"...Everyone Is Entitled To My Opinion." ~Madonna

Wednesday, January 30, 2013

BOOK REVIEW: Hotel on the Corner of Bitter and Sweet


Debut novels fascinate me. If it is great, can the author follow with something equally great? If it is not so great, will the author grow into a Pulitzer winner? Jamie Ford has fallen someplace between the great and the not so great with his debut HOTEL ON THE CORNER OF BITTER AND SWEET.

The story is told by Chinese/American Henry, both as a recently widowed man in 1986 and as a twelve year old boy in 1942. Henry grew up in Seattle and was given a firsthand view of the early jazz scene in Seattle and the strong anti-Asian feelings that led to the internment of the Japanese/Americans by the United States government.

The Panama Hotel had been boarded up for over forty years, but as Henry is walking by one afternoon he discovers that it has been bought and that the new owner has found trunks left by the local Japanese when they were forced from their homes. As the new owner opens a Japanese parasol, Henry starts to remember his life in 1942.

Henry’s father was very proud of his Chinese past and hated the Japanese for their war with his home country. He was also very proud that his son was going to an all-white elementary school, not knowing the abuse that Henry faced every day.

Henry worked in the cafeteria to pay for his scholarship and when Keiko, a Japanese/American scholarship student, joins him they soon become friends. But, Keiko and her family are “re-located” with the rest of the Japanese population and although he does visit the camp where she and her family are held, Henry eventually loses track of her. He goes on with his life, marries, has a son, and becomes widowed, but has never forgotten his childhood friend.
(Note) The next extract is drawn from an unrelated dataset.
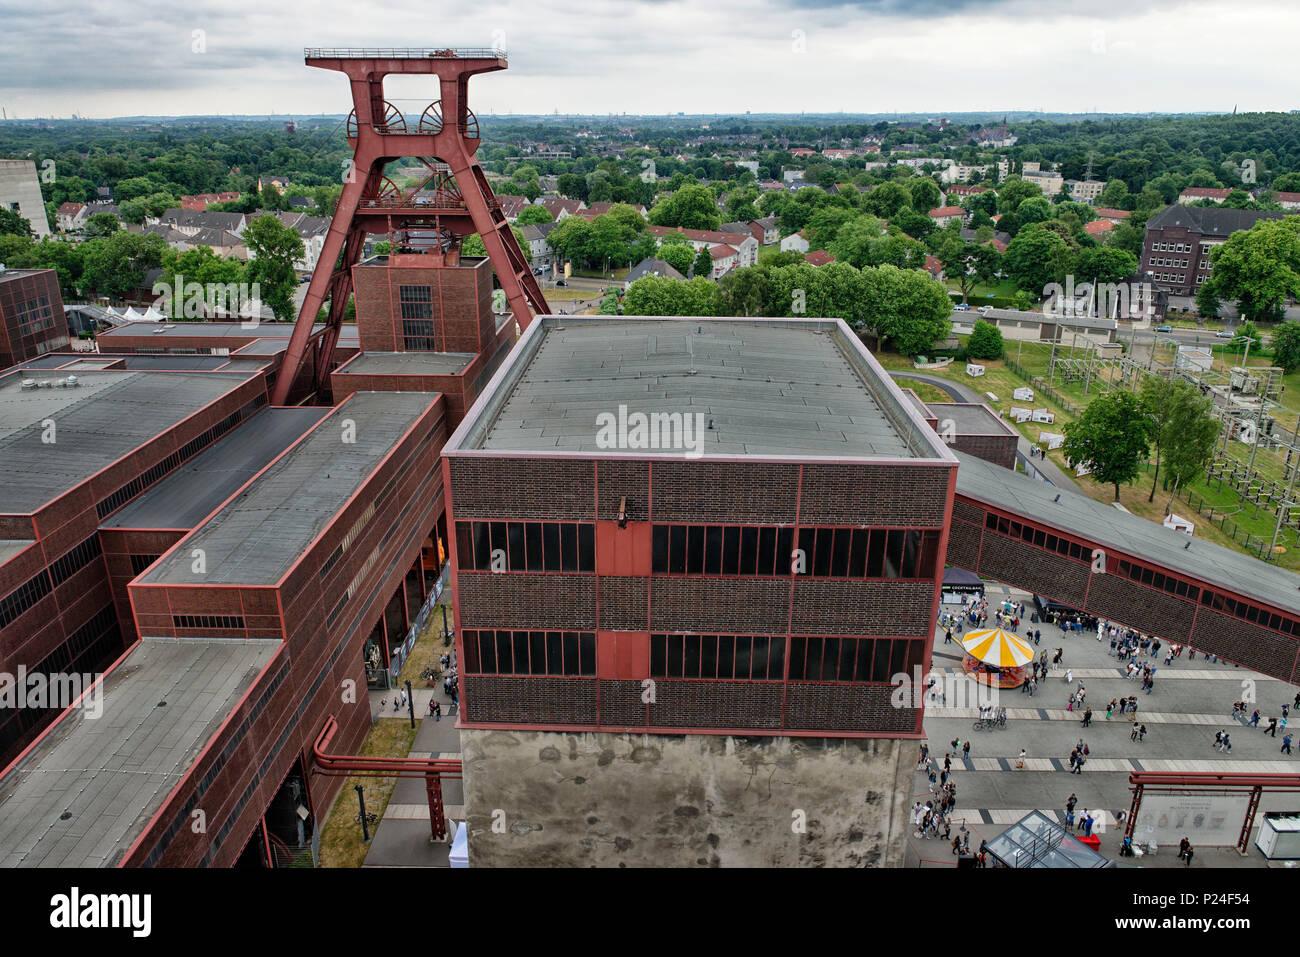 Zollverein Coal Mine Industrial Complex, shaft XII, UNESCO world heritage, Essen, North Rhine-Westphalia, Germany - Stock Image
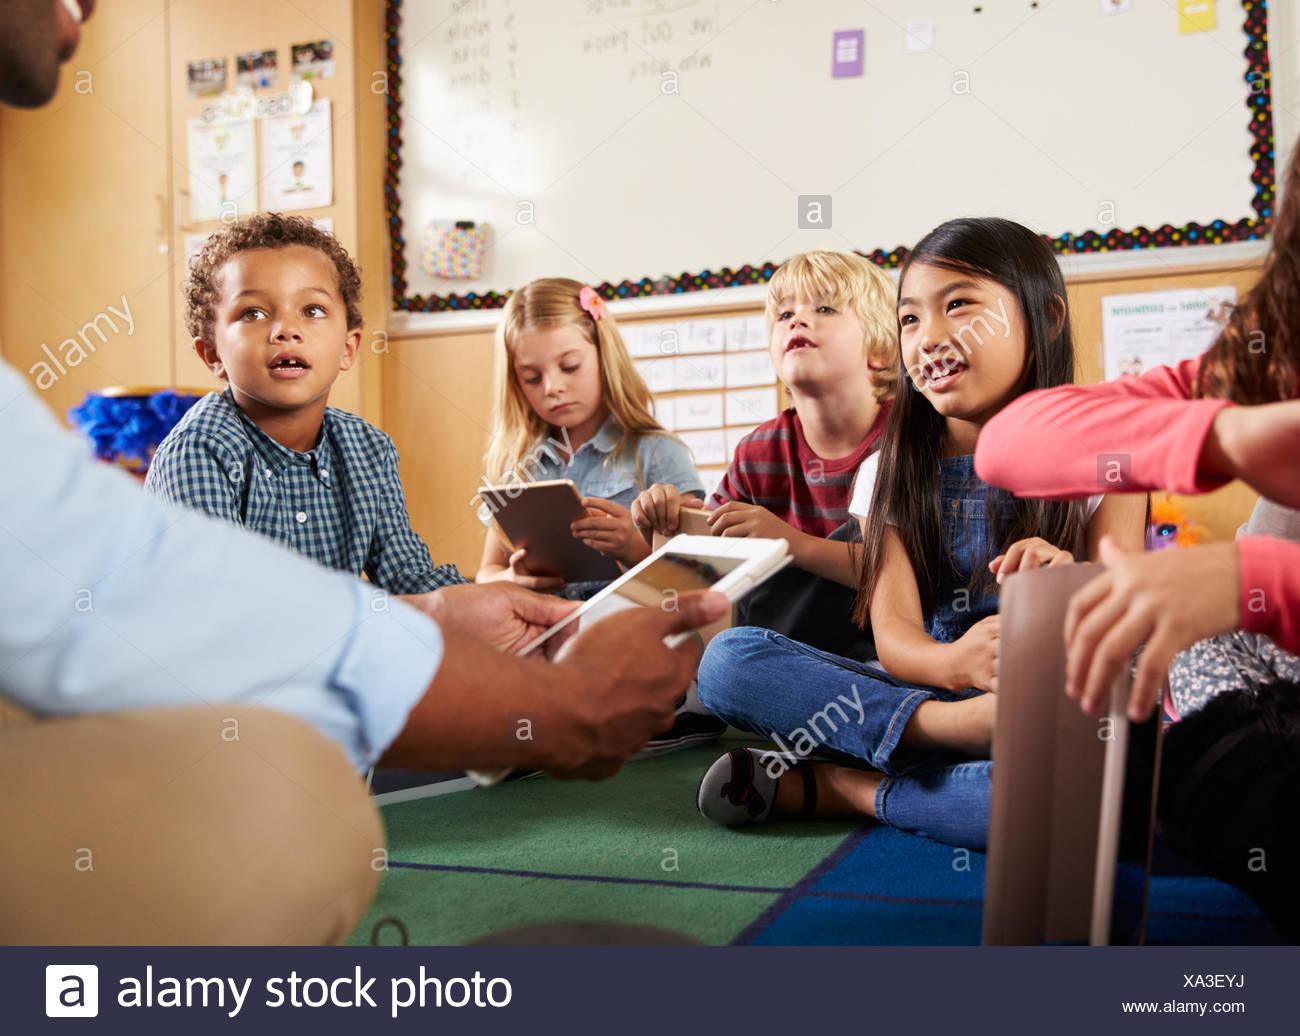 Elementary school class sitting cross legged using tablets - Stock Image

I enjoyed this story. The characters are likable and at times the language is beautiful. The contrast/similarities of the relationship between Henry and his father and later of Henry and his son were well done. I am not too concerned with historical facts when I read, but there were several anachronisms that even I caught, rear projector television and online support groups in the ‘80’s for example. Jamie Ford will have to learn to do better research for future books; readers can be experts on minor details and find mistakes to be jarring. To me, the book had enough good in it to overshadow the inaccuracies. This may be an author to keep an eye on.